Our last example, Fig.  16d, shows TEC values in the occurrence date of an X1.0 solar flare (25-Oct-2014). For flare ID: 113940 (Watanabe et al (2012)59 XRT flare catalogue), no halo CME event is recorded by SOHO/LASCO Halo CME Catalogue. TEC values are disturbed again around noon, where it is clear that this later event is not connected by flare ID: 113940 at 17 pm (Watanabe et al (2012)59 XRT flare catalogue). A partial halo CME erupted at 4 am (SOHO/LASCO CME Catalogue) Geomagnetic field was forecasted to be quiet to unsettled (Space Weather Prediction Center).

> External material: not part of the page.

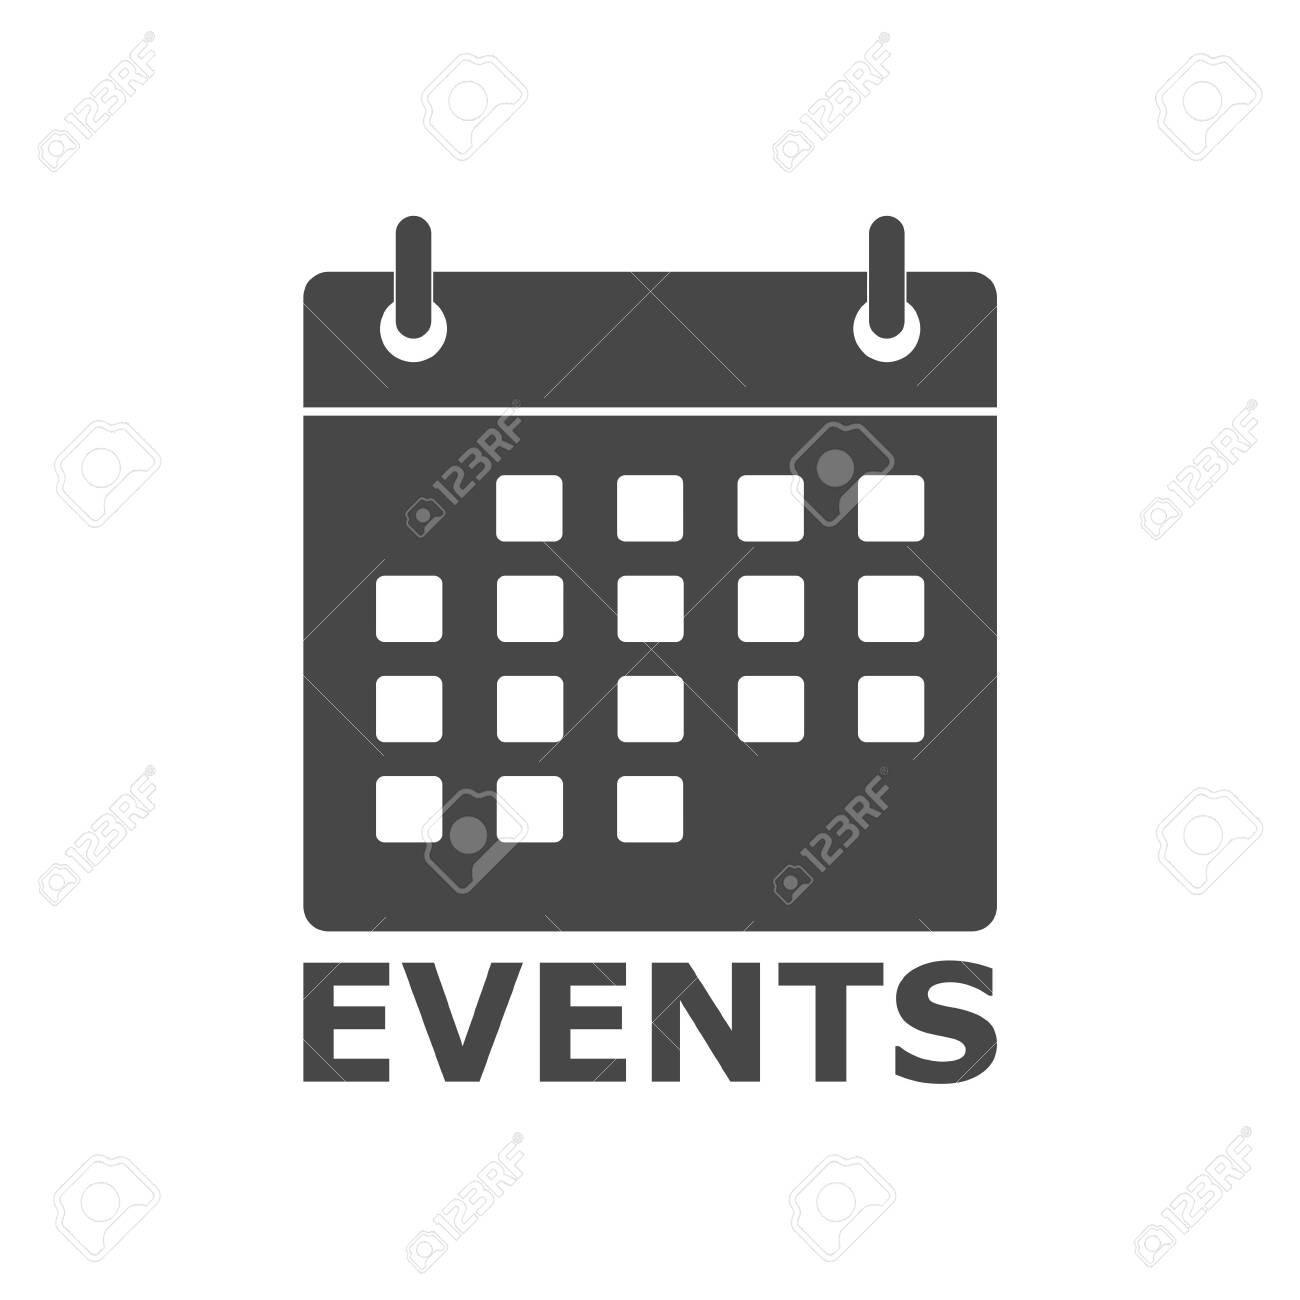 Events icon (calendar icon) - 138278979

The solar burst data (RSTN) is used to observe solar burst in 8 frequencies of 245, 410, 610, 1415, 2695, 4975, 8800 and 15400 MHz. The peak values is shown in Fig. 17.

Figure 17
figure 17

Peak flux values at 3 different frequencies: 245, 1415 and 4975 MHz (25-Oct-2014).

For the time interval of 10 am to 22 pm no data exist in all 8 frequencies, but there are few bursts which seems to be responsible for TEC variations of Fig.  16d.

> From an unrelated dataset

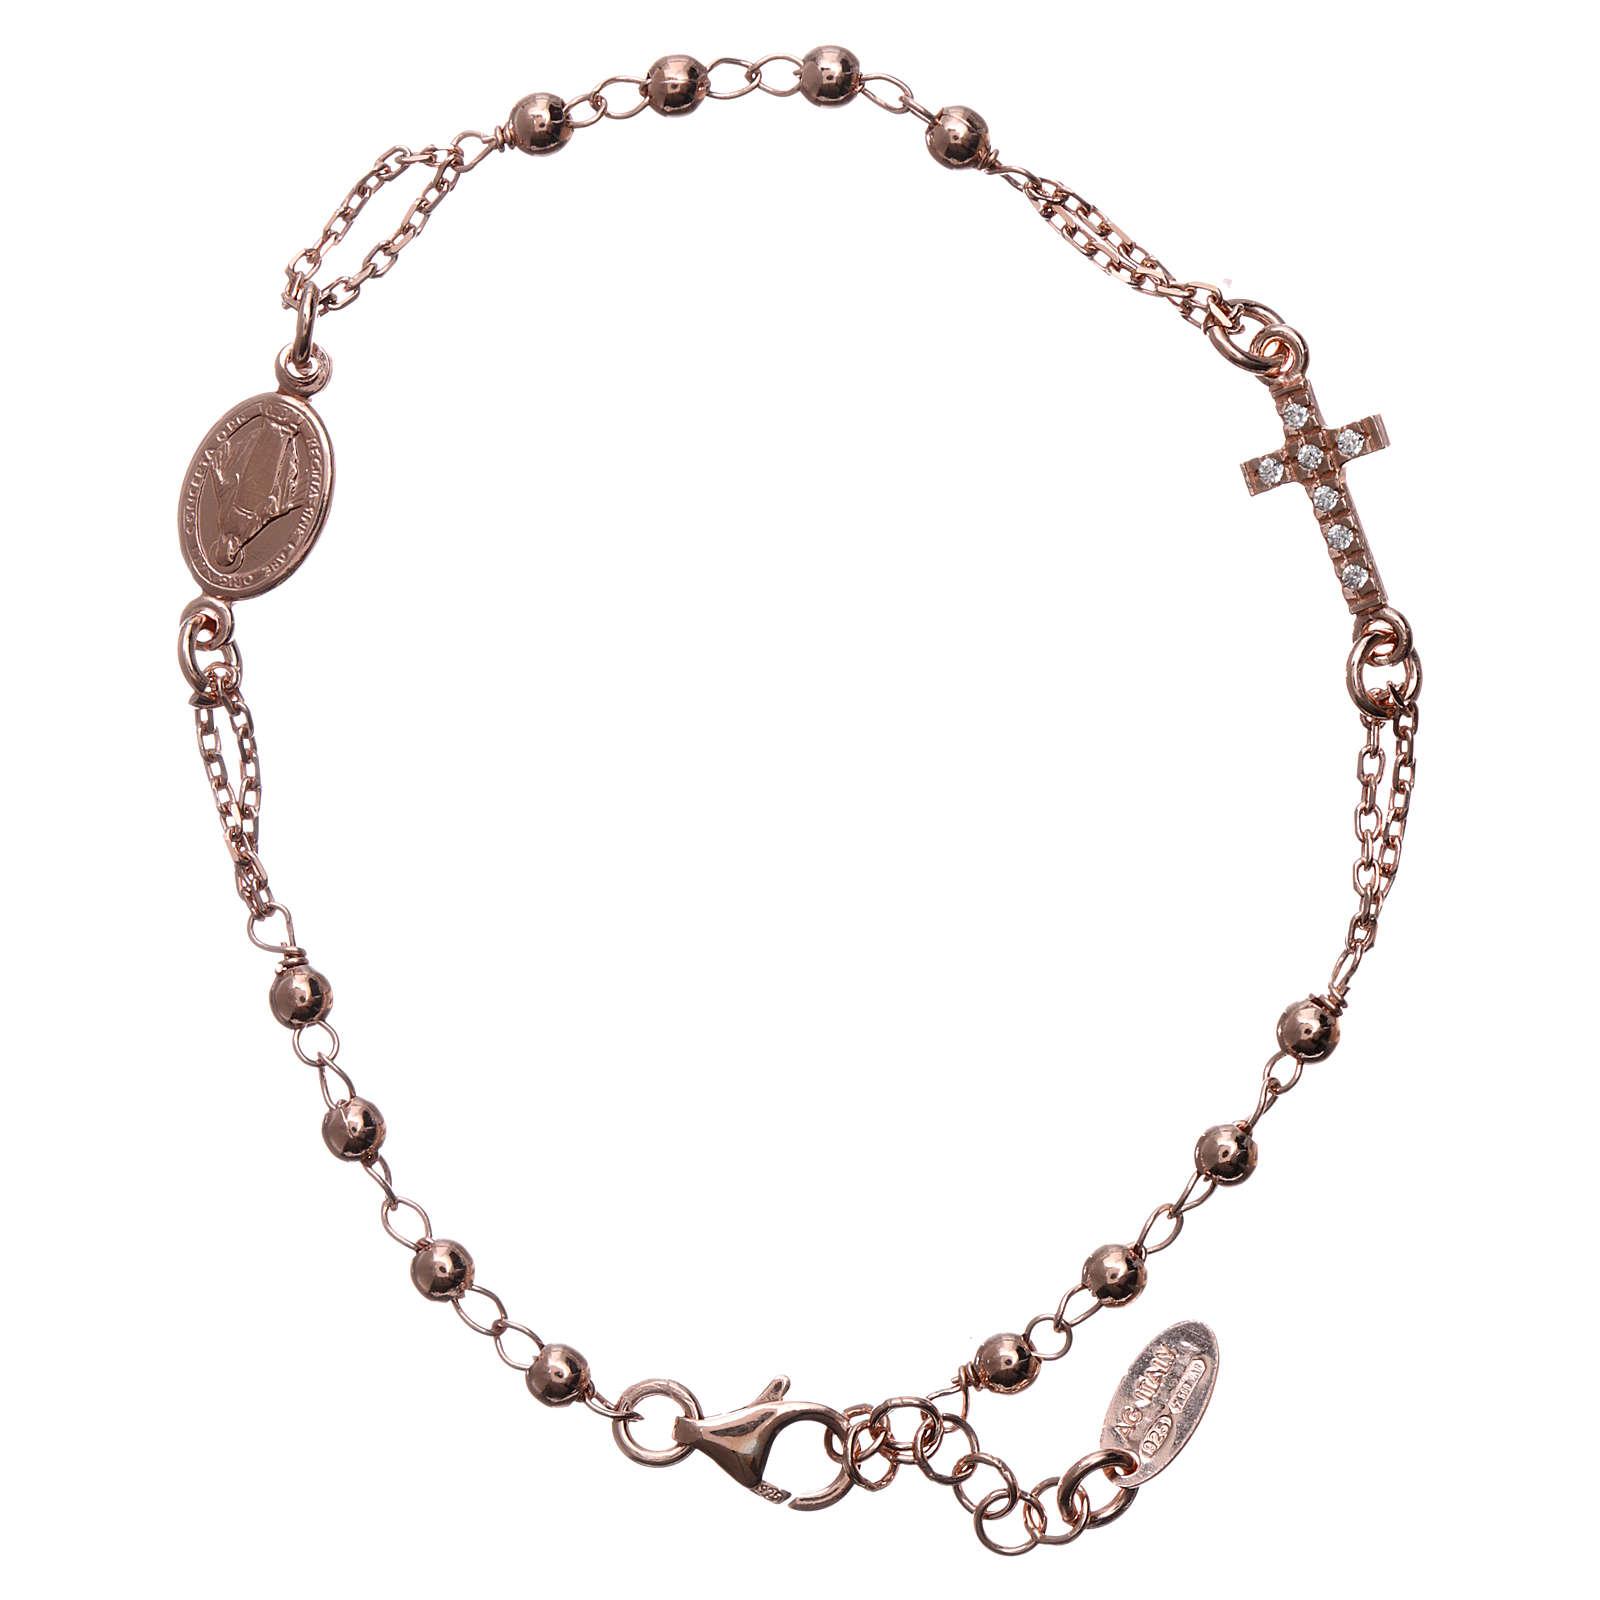 Rosary AMEN Bracelet Pavè Cross silver 925, Rosè finish 4

Due to this study, it is seen that a combination of solar events are responsible for TEC variations. But the effect of Solar flares and bursts with radio emissions higher than daily F10.7 values, were detected more clearly at the mid-latitude station of Tehran (the situation might be quite different, e.g., at high latitude stations).

Our resulted values shows that the flares with the most power (i.e. class X) have induced a variation of more than 20 percent in TEC. In some cases for the flares with accompanying CMEs, the variation maybe extended to a few hours. In our study we found no correlation between the local time of the flares occurrence and the magnitude of induced values.

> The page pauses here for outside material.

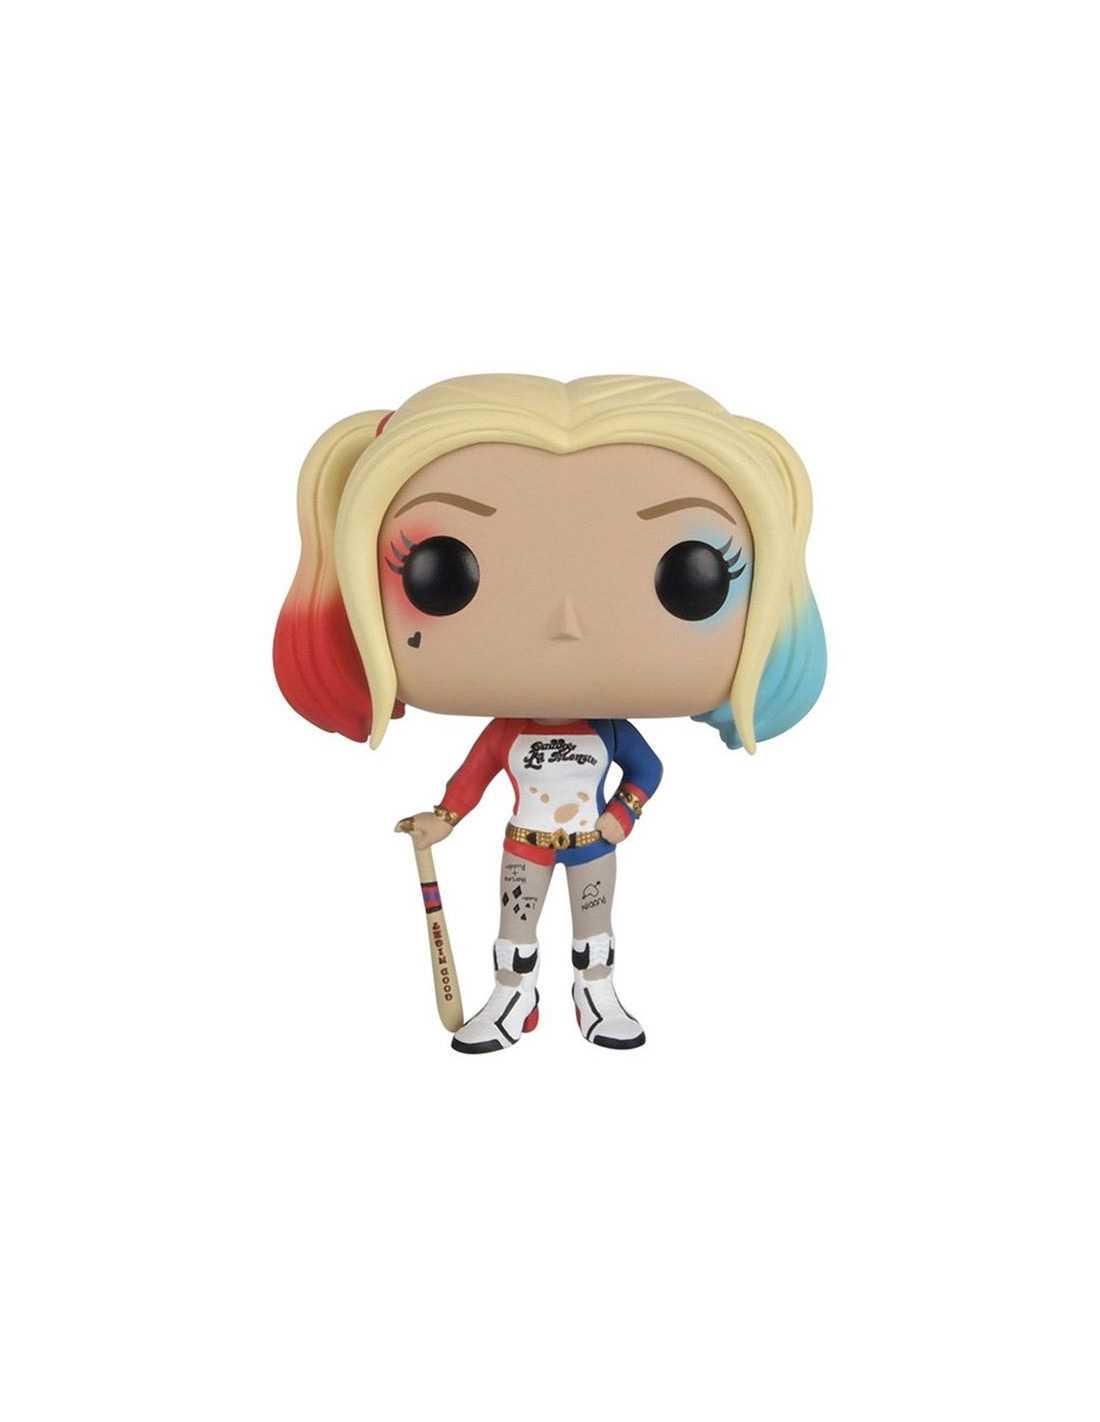 Фигурка Funko POP Harley Quinn (с большой головой)

The results and conclusions

  • The probability density of Dst and SYM-H (Figs. 3 and  4) for the time interval of 1981–2018 were formulated as the sum of 3 gaussian distributions:

    $$\begin{aligned} P(x) = A_1 \cdot e^{\left( x-b_1 \right) ^2 / c_1^2} + A_2 \cdot e^{\left( x-b_2 \right) ^2 / c_2^2} + A_3 \cdot e^{\left( x-b_3 \right) ^2 / c_3^2} \end{aligned}$$
    (9)

    shows 3 populations based of the magnitude of ionospheric disturbances.

  • For the solar cycle 24, SYM-H was re-scaled based on Dst as (Fig.  5):

    $$\begin{aligned} \textsc {sym-h}=0.89*Dst-1.31\;nT, \end{aligned}$$
    (10)
  • A method to recognize the time intervals of geomagnetic storms based on SYM-H and ASY-H variations is developed and applied in the section Applied Filter.

  • The final results of the model are presented in Figs.  14 and  15 .

  • The same calculation method is used to present estimated values of IRI 2016 model as a reference.

  • Solar flares of class X in solar cycle 24 were studied for completeness. Figure  16a,b and Tables  1 and  2.

  • In the absence of any halo CME, Earth directed ICMEs and streamers from the Sun, solar radio bursts of 25-Dec-2014 (Fig.  17) are probable source of TEC variations (Fig.  16d).

  • Through this method the effect of Solar flares and bursts with radio emissions higher than daily F10.7 values, were better detected.

  • Our resulted values shows that the flares with the most power (i.e. class X) have induced a variation of more than 20 percent in TEC.